SHERWIN BITSUI & SHERMAN ALEXIE
Start: Tue, 04/27/2010 - 7:00pm
Co-presented with COPPER CANYON PRESS. A very special night is at hand as two amazing poets, one new to Elliott Bay audiences, and the other, familiar but always, in the vital sense, new, give this reading of their work together. We'll go with reverse alphabetical order here, or let the visiting poet be introduced before our longtime friend and neighbor. Up from Arizona, Sherwin Bitsui is Diné of the Tódích'ii'nii (Bitter Water Clan), an extraordinary new poetic voice, the author of a fine first collection, Shapeshift, and now a compelling new book, Flood Song (Copper Canyon Press). This is major work. "Sherwin Bitsui sees violent beauty in the American landscape. There are junipers, black ants, axes, and cities dragging their bridges. I can hear Whitman's drums in these poems and I see Ginsberg's supermarkets. But above all else, there is an indigenous eccentricity, a 'cornfield at the bottom of a sandstone canyon,' that you will not find anywhere else." – Sherman Alexie. With Sherman Alexie, originally from the Spokane Reservation, but coming here now from just over the hill, there is a poetic authenticity and urgency in his poems and all other work approached by relatively few working today. Since his first book of poems and stories, The Business of Fancydancing was published 19 years ago, he has written 22 books of poems and prose, many a 'mix tape,' as he might say, and did say of his most recent book, War Dances (Grove Press). Last year also saw publication of Face (Hanging Loose). "

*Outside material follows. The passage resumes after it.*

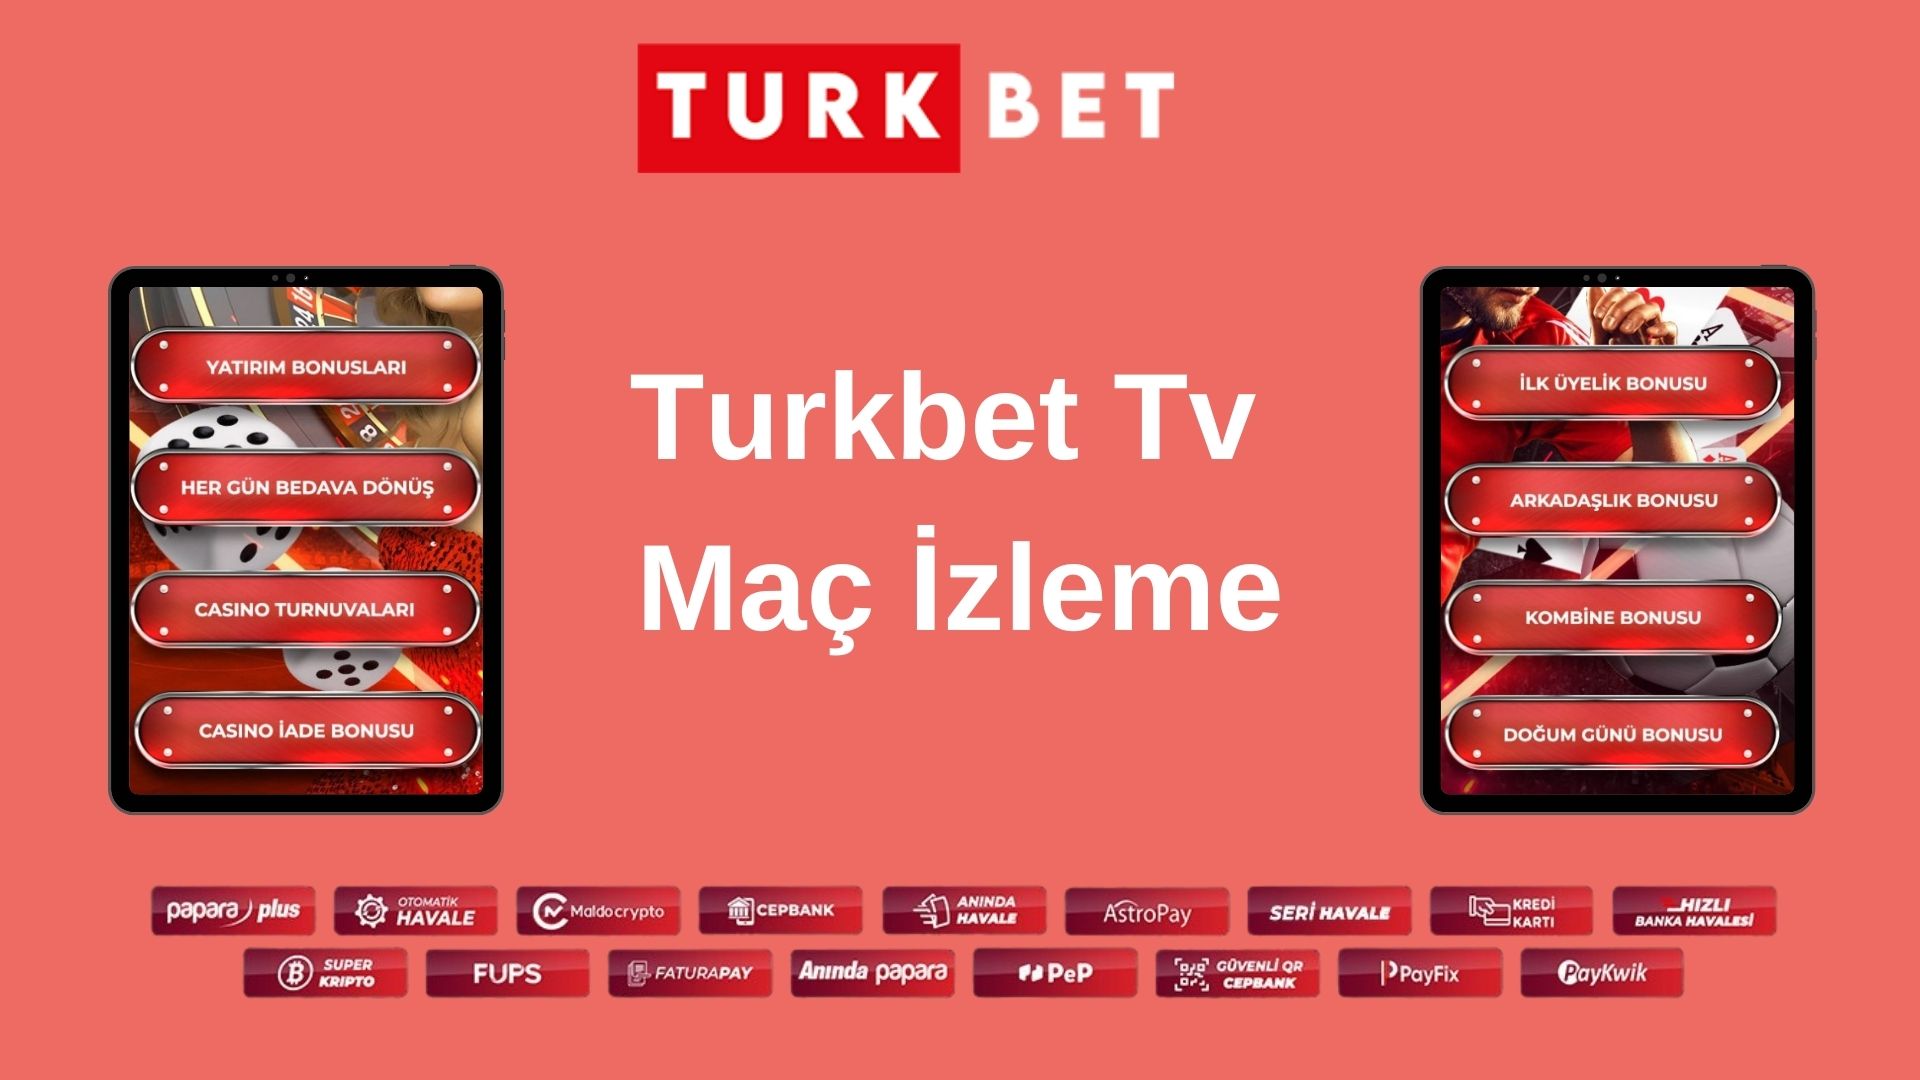 Turkbet Tv Maç İzleme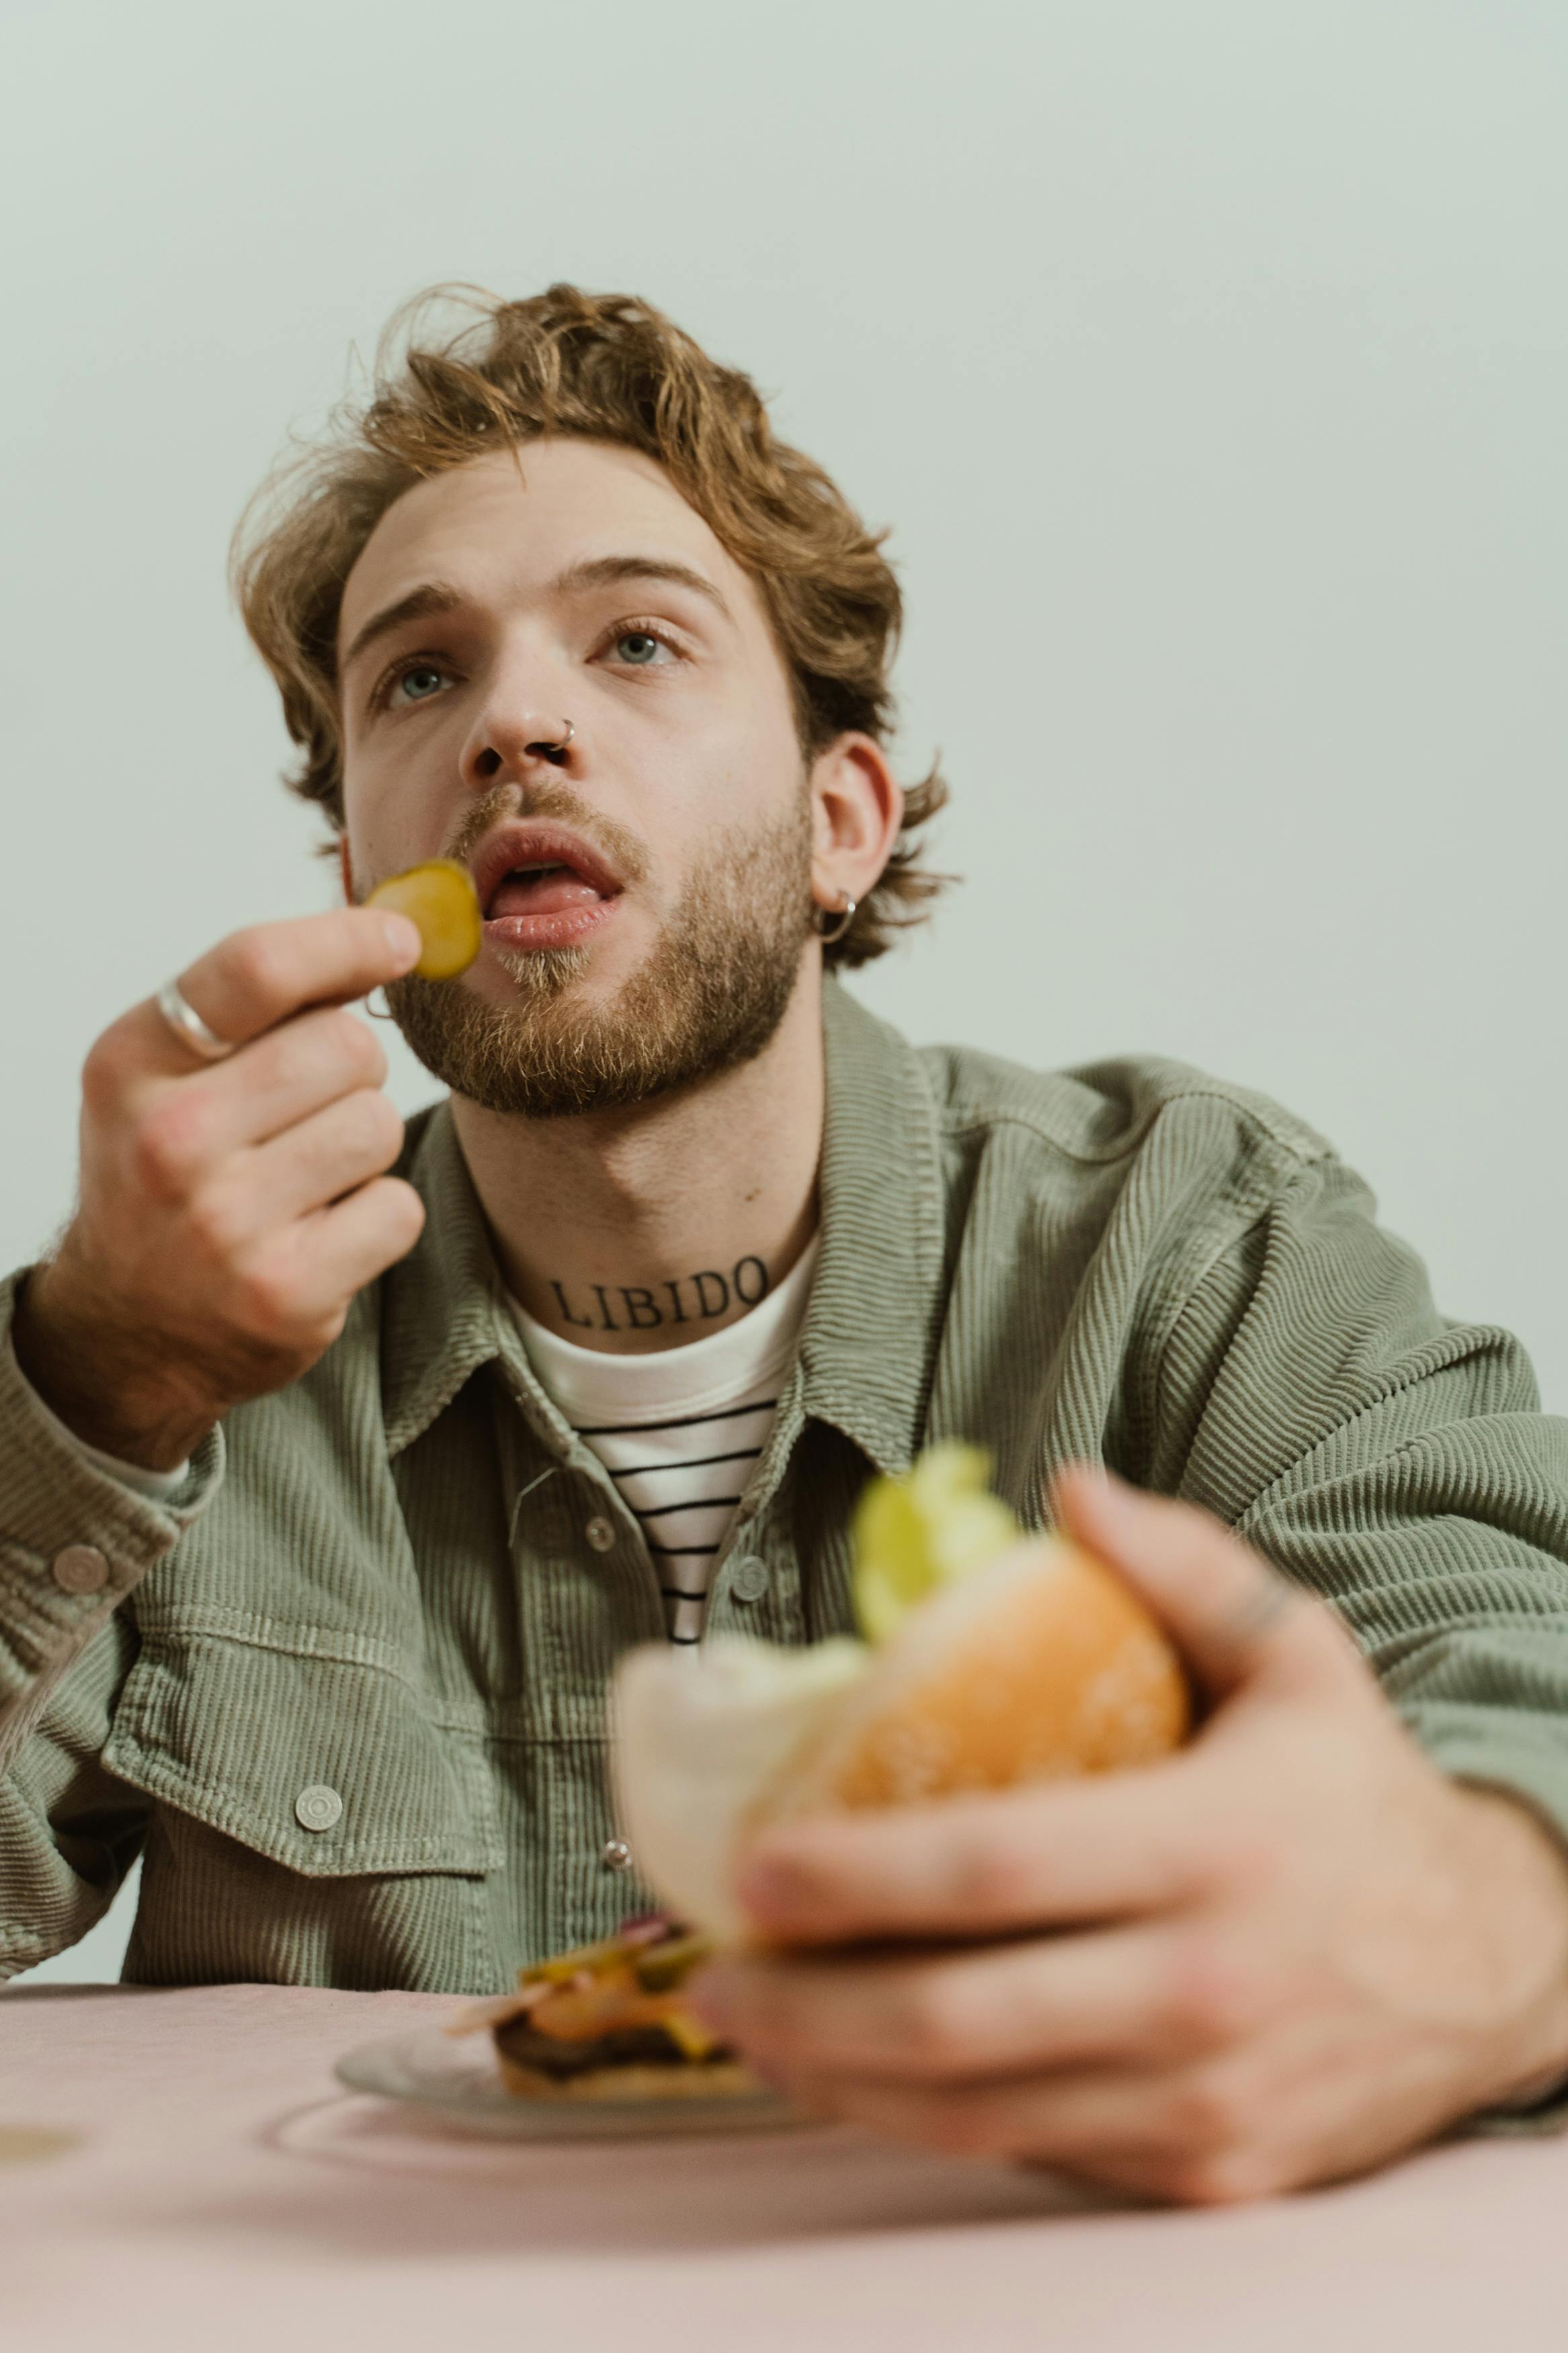 A man eating a burger | Source: Shutterstock

writes of blood, mirth, anger, patriotism, pretension, sex, the fruitful collision of cultures, and calcified ideas about what it means to be a Native American, a writer, a man, a human being. Skirmishes with insects and animals illuminate our conflicts over nature, and musings about the toll of creativity inspire poems about F. Scott Fitzgerald and Richard Pryor. A bountiful, keen, and inspiriting collection." – Donna Seaman, Booklist. Bountiful, this evening, indeed.